«Obergefell versus Hodges», imparate il titolo di questa causa collettiva che la Corte Suprema affronterà da qua alla fine di giugno, perché parla di amore e politica, storia e diritto, famiglia e sessualità.
I nove giudici della Corte, quattro progressisti, quattro conservatori e l’indipendente e spesso decisivo per le maggioranze, Kennedy devono rispondere a due domande.

La prima: esiste un «diritto costituzionale» alle unioni gay? E, se sì, dunque le leggi statali che proibiscono, o non riconoscono le nozze omosessuali, vanno abrogate?
Il percorso della vicenda illustra come costume e giurisprudenza evolvano sempre insieme, gli stati federati che danno il via (nel caso delle unioni gay il Massachusetts una dozzina di anni fa), Washington che tutela le minoranze (i legali della Casa Bianca appoggiano alla Corte Suprema gli omosessuali), la Corte che osserva il mutare della scena sociale e delibera. La prima udienza è fantastica, con le storie commoventi della coppia gay che, pur di sposarsi prima che una malattia incurabile stronchi uno dei partner, provano a volare in uno dei 37 stati che permettono a tutti i fiori d’arancio, celebrano le nozze in aereo, solo per poi vedere il sogno sfumare tornati indietro. Il giudice Breyer, che è favorevole, provoca però il legale di parte Mary Bonauto: «E voi volete che nove giudici, non eletti da nessuno, cambino l’idea di matrimonio tra uomo e donna che vale da migliaia di anni?».

L’avvocato Bonauto sceglie una strada astuta, nessuno cambia l’istituto del matrimonio argomenta, chiediamo solo che anche ai cittadini non eterosessuali sia permesso di accedere al diritto riconosciuto ad altri, se no saranno cittadini di Serie B e la Corte non può permetterlo. I legali citano come precedente, forte non solo nel diritto, ma anche nella storia e nell’etica, il divieto di nozze tra bianchi e afroamericani, a lungo imperante negli stati del Sud. L’America ha superato quel tabù razzista nel XX secolo, ora deve avviarsi oltre il tabù nozze solo etero sostiene, per conto del presidente Obama, il Solicitor General Donald Verrilli (tra giudici e legali è fortissima la componente italo-americana in questo caso), citando proprio la sentenza della Corte Suprema nel 1967 che decreta incostituzionali i divieti statali alle nozze tra coniugi di diversa etnia. È l’amore, la decisione di vivere insieme e mettere la vita in comune, che accendono un matrimonio, non il sesso dei coniugi a essere dirimente.
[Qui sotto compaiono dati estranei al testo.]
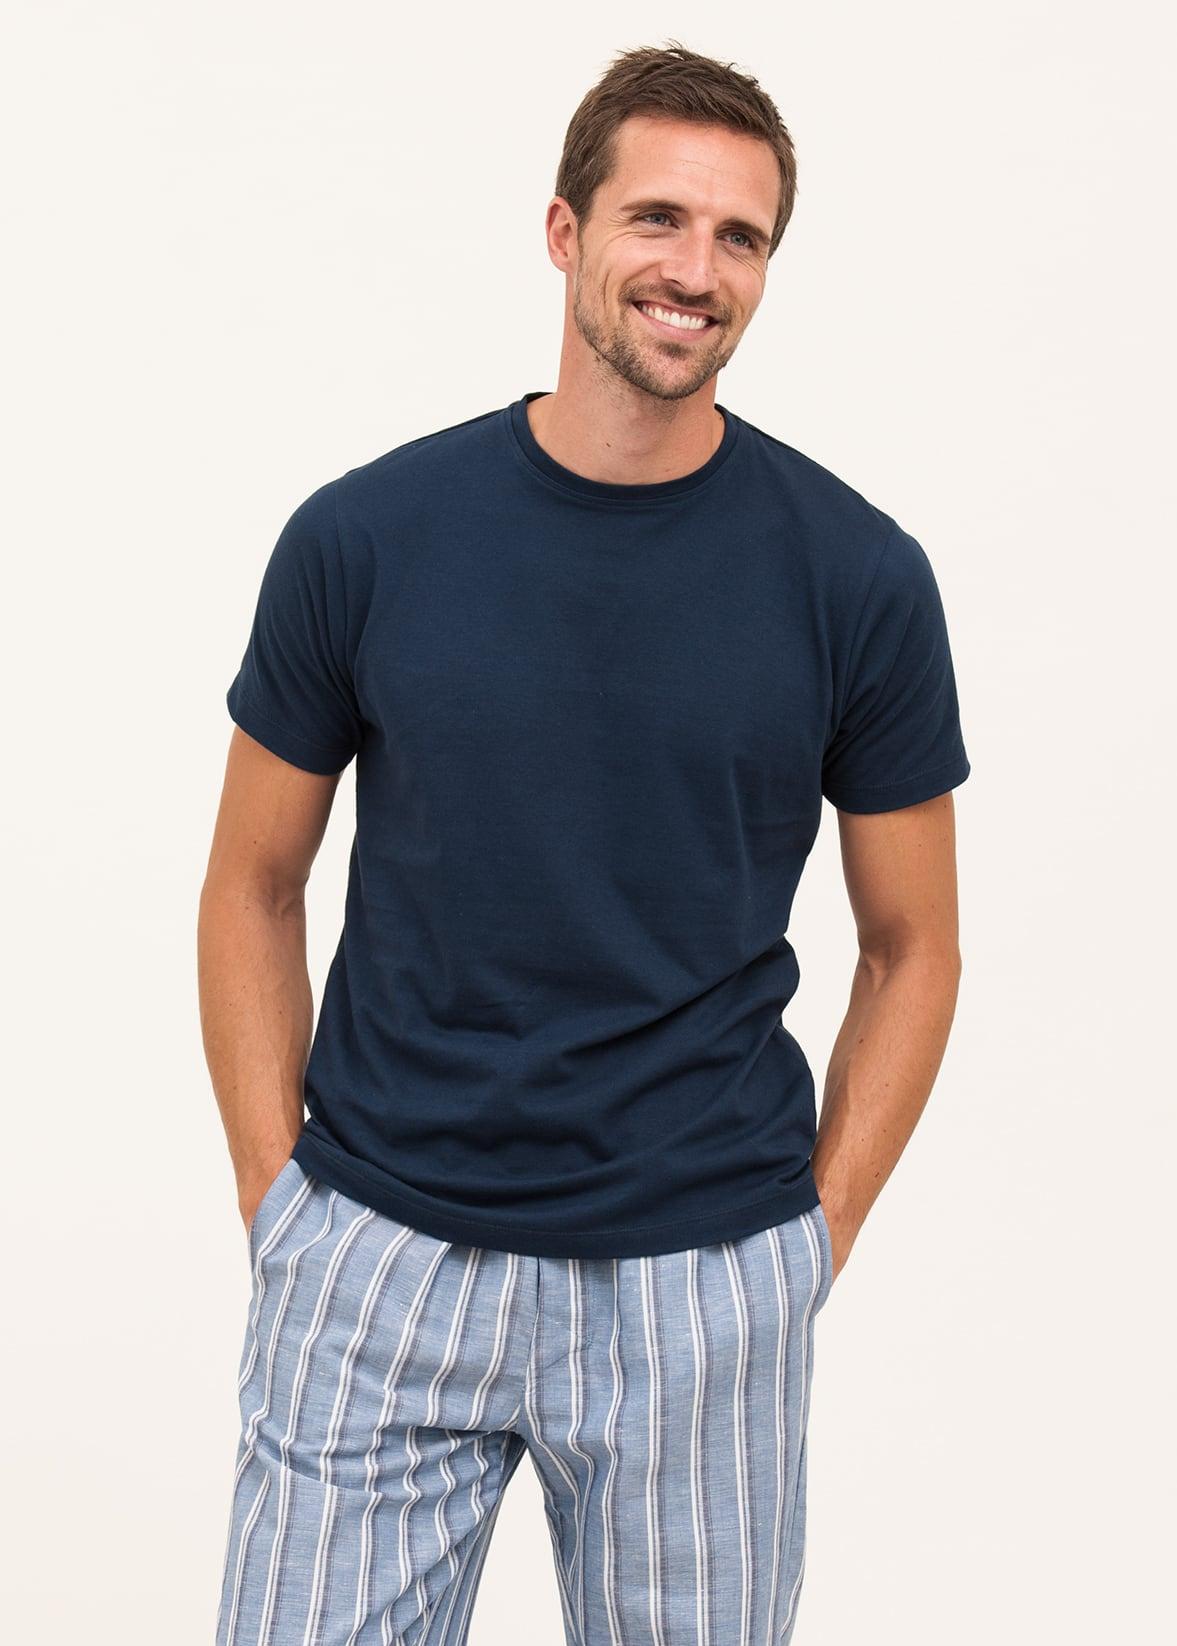 f8a90e2c23d4 Men's Linen/Cotton Blend Pyjama Trousers   Blue & White Stripe   PJ Pan

Ma se è così, osserva il giudice conservatore Alito, cosa vieterà a due donne e due uomini, omosessuali o no che siano, di sposarsi in quattro? Potranno gli stati legittimare le nozze «poker»? Contro Alito interviene la giudice progressista Sotomayor che schiva il tranello osservando: se apriamo i matrimoni agli omosessuali, nulla cambia per gli eterosessuali e il loro desiderio di far figli. La famiglia tradizionale resterà, inutile erigere lo spaventapasseri dell’estinzione precoce dell’America conferma la giudice Ginsburg.
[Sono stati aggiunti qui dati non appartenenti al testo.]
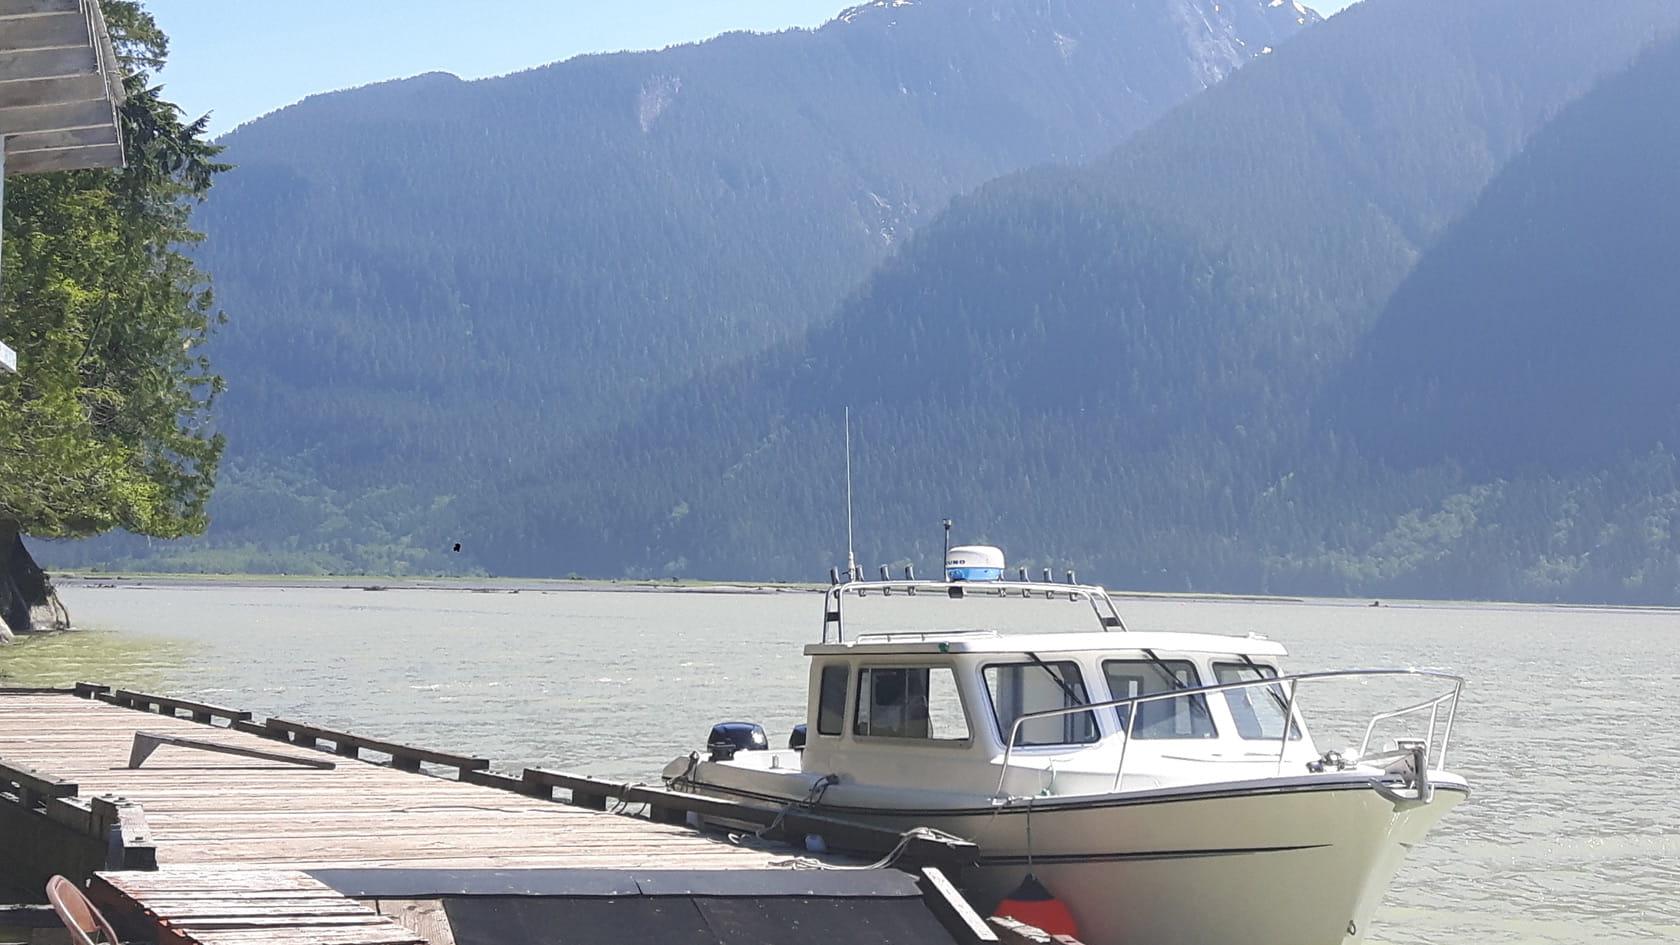 24-foot Sea West boat

Il giudice Kennedy lascia tutti in bilico. Geloso custode del diritto alla privacy e della personalità giuridica del cittadino, da proteggere contro le eccessive intrusioni dello Stato, s’è già espresso a favore delle unioni gay, ma potrebbe ora esitare davanti al diritto degli stati, di cui, da federalista convinto, è pure campione. Potrebbe cioè optare per una scelta intermedia, si alle unioni gay, ma se gli stati le garantiscono. Contrario resterà il giurista principe degli Stati Uniti tradizionalisti, Nino Scalia, persuaso che la Costituzione «alla lettera» non garantisca il diritto di sposarsi ai gay. La legione degli avvocati ribatte: la Costituzione non garantisce neppure il diritto «alla sodomia», ma quando le leggi statali la proibivano espressamente la Corte le fece decadere in nome del diritto alla privacy «nell’intimità». Insomma due scuole, la Costituzione monumento da rispettare, contro la Costituzione come organismo vivente che evolve con l’America.
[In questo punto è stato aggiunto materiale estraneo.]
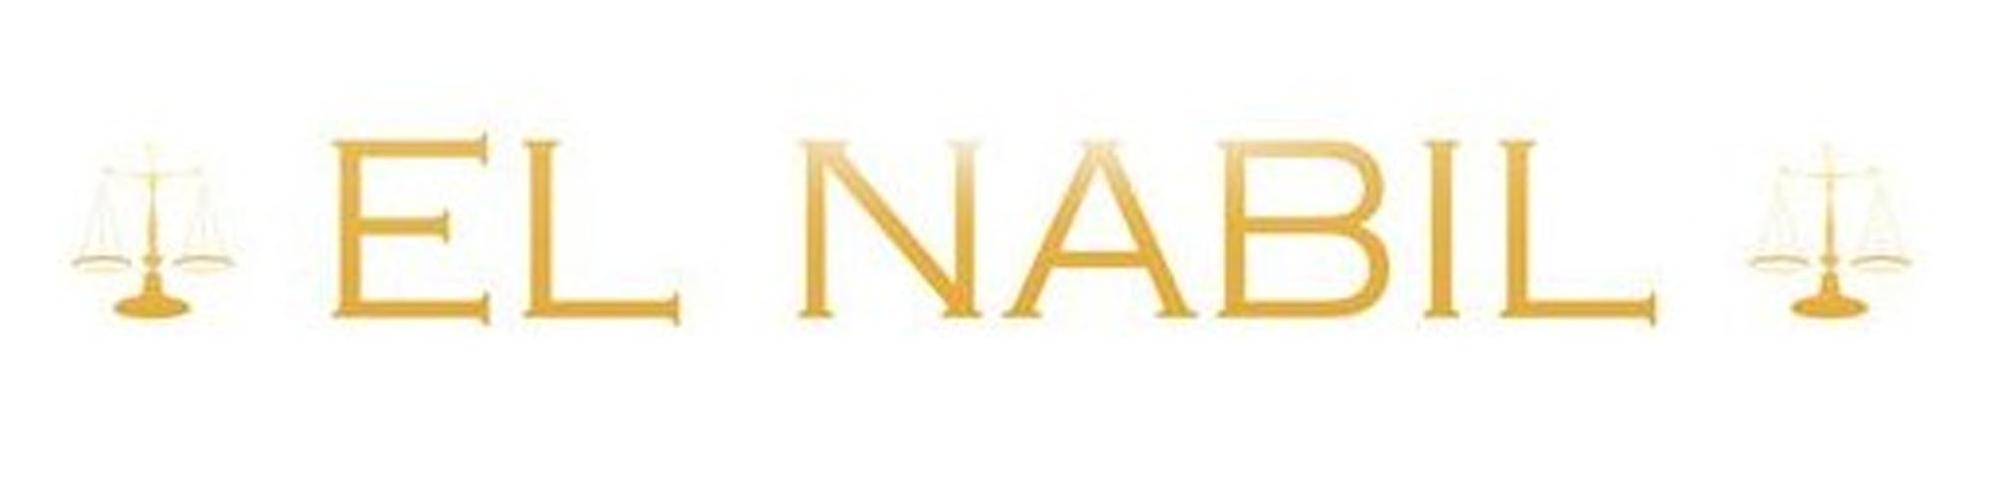 El Nabil Luxery Perfumes
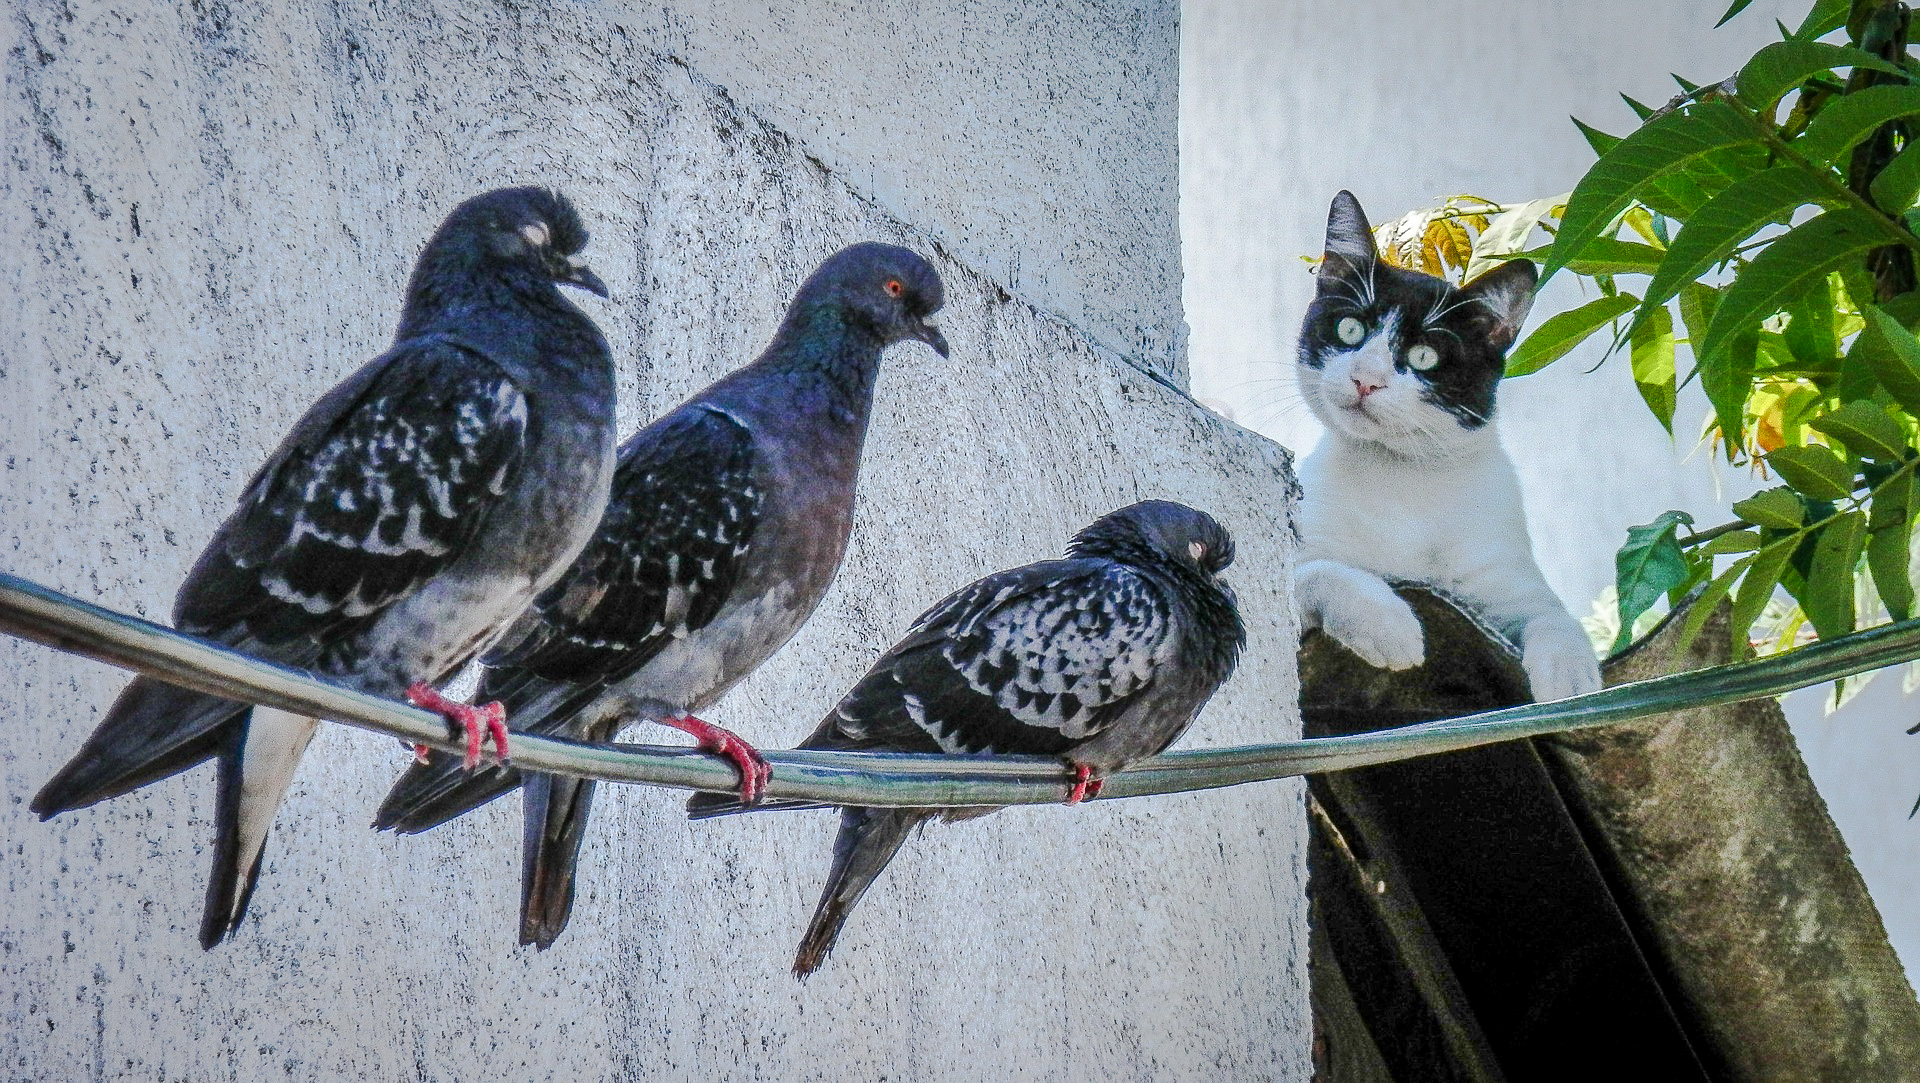 3 birds and cat

Un dibattito straordinario, che continuerà nella campagna elettorale 2016, i repubblicani sono divisi tra la base di destra delle primarie che non vuole sentirne di omosessuali e l’elettorato centrista, assai più tollerante. 61% dei cittadini è a favore alle nozze gay e tra i giovani il 70%. Un solitario contestatore ha interrotto l’udienza urlando «Nella Bibbia il matrimonio non c’è!» ed è stato allontanato, Neppure in tutte le parrocchie americane ormai gli danno ragione.